Many successful state and national pension programs also use diversified portfolios. These include the Wisconsin Retirement System, the Canada Pension Plan, and the Ontario Teachers’ Pension Fund. According to the National Institute for Retirement Security, for solvent funds such as these, about 63 percent of receipts come from investment earnings alone.

 

I am leading a bipartisan group of senators to fix the problem now, before things get worse. We propose placing $1.5 trillion over five years in a diversified investment fund separate from the Social Security Trust Fund. The investment would be held in escrow for 70 years to take advantage of compounding. Under this plan, the 24 percent benefit cuts are eliminated and 75 percent of the Social Security shortfall is covered. This model presumes a greater rate of return from investments than the cost of borrowing, which has been true since at least 1929.

 

This concept is not new. In 1999, President Bill Clinton suggested a diversified investment strategy for Social Security within the Social Security Trust Fund. In 2004, President Bush suggested individual diversified investment accounts where the individual bore the risk of market fluctuations. Our proposal is different. While it would establish a diversified investment strategy, much like Clinton and Bush proposed, it would do so in a fund separate from the Social Security Trust Fund. Additionally, in our proposal the government — not the American people — bears the risk, and beneficiaries receive promised benefits regardless of market changes.

 

The fund also has guardrails to prevent political meddling. It would be run by independent trustees, not by Congress, with a fiduciary obligation to maximize returns. There would be annual audits published online to ensure, among other things, that there is no activist investing or political interference.

 

Where political leadership is needed, however, is in covering the remaining 25 percent of the shortfall that our plan does not account for. Seniors and those close to retirement should not pay higher taxes or see benefits decrease, of course. But real solutions require a plan that does something more than the Do-Nothing plans that both Biden and Trump propose.

 

Indeed, in nearly two and a half years in office, President Biden has not introduced a plan to address Social Security solvency. He has made no attempt to work with Republicans or Congress more broadly, and he doesn’t have any plans to start now.

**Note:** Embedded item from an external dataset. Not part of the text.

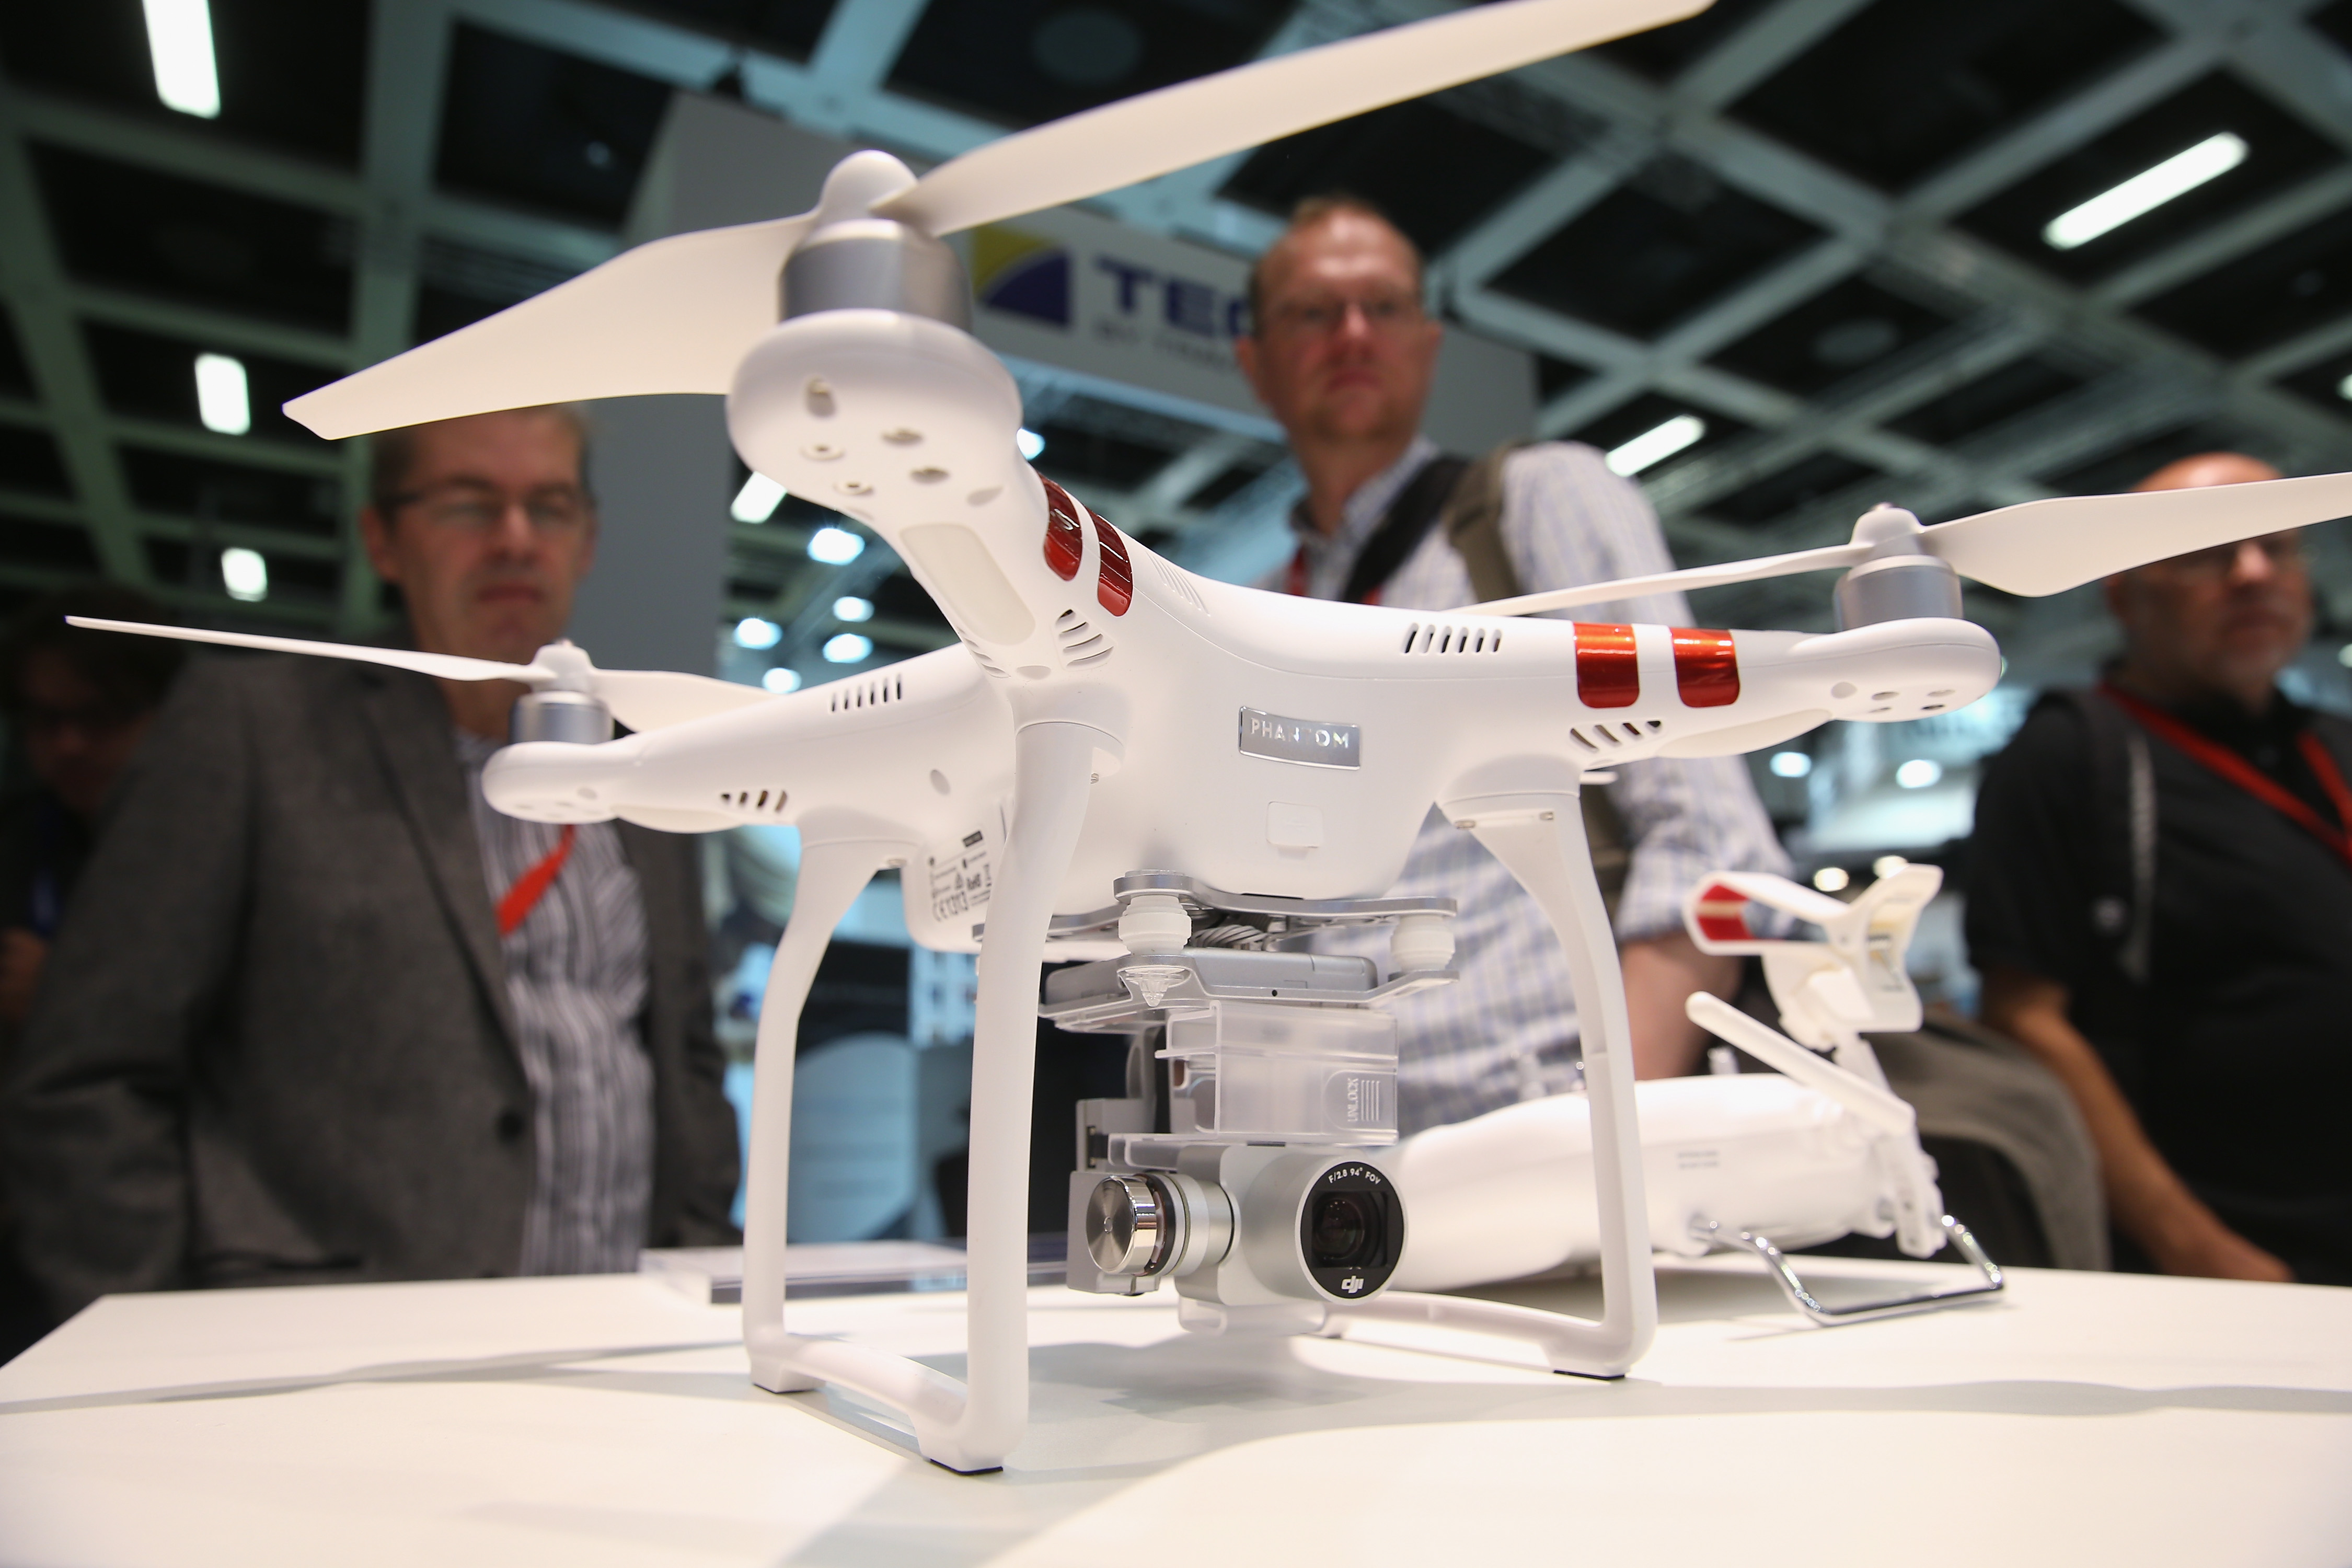 Visitors look at a Phantom 3 Standard quadcopter drone at the DJI stand during a press day at the 2015 IFA consumer electronics and appliances trade fair on September 3, 2015 in Berlin, Germany. (Sean Gallup&mdash;Getty Images)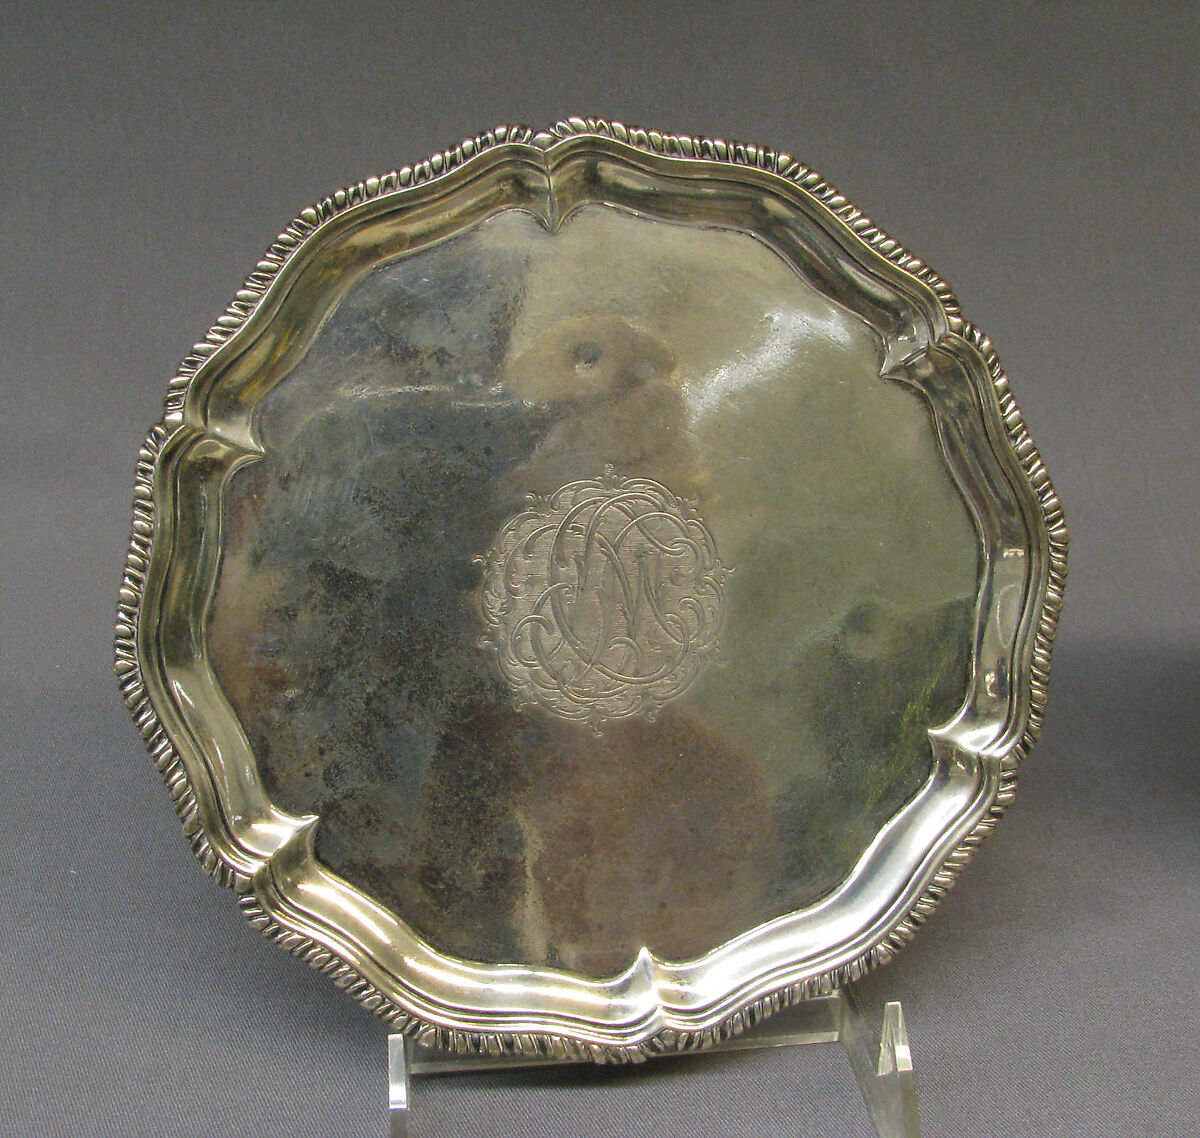 Salver (one of a pair), Probably by Thomas Hannam, Silver, British, London

Trump previously called for increasing the eligibility age to 70, but now he criticizes anyone who tries to solve the issue.

 

But criticizing is easy. Actual political leadership, particularly on an issue of such consequence to so many people, is much harder. If Americans want to ensure that Social Security benefits will be available to future generations, they need to move on from Biden, Trump, and their bipartisan Do-Nothing plan.

 

Bill Cassidy is the senior U.S. senator from Louisiana.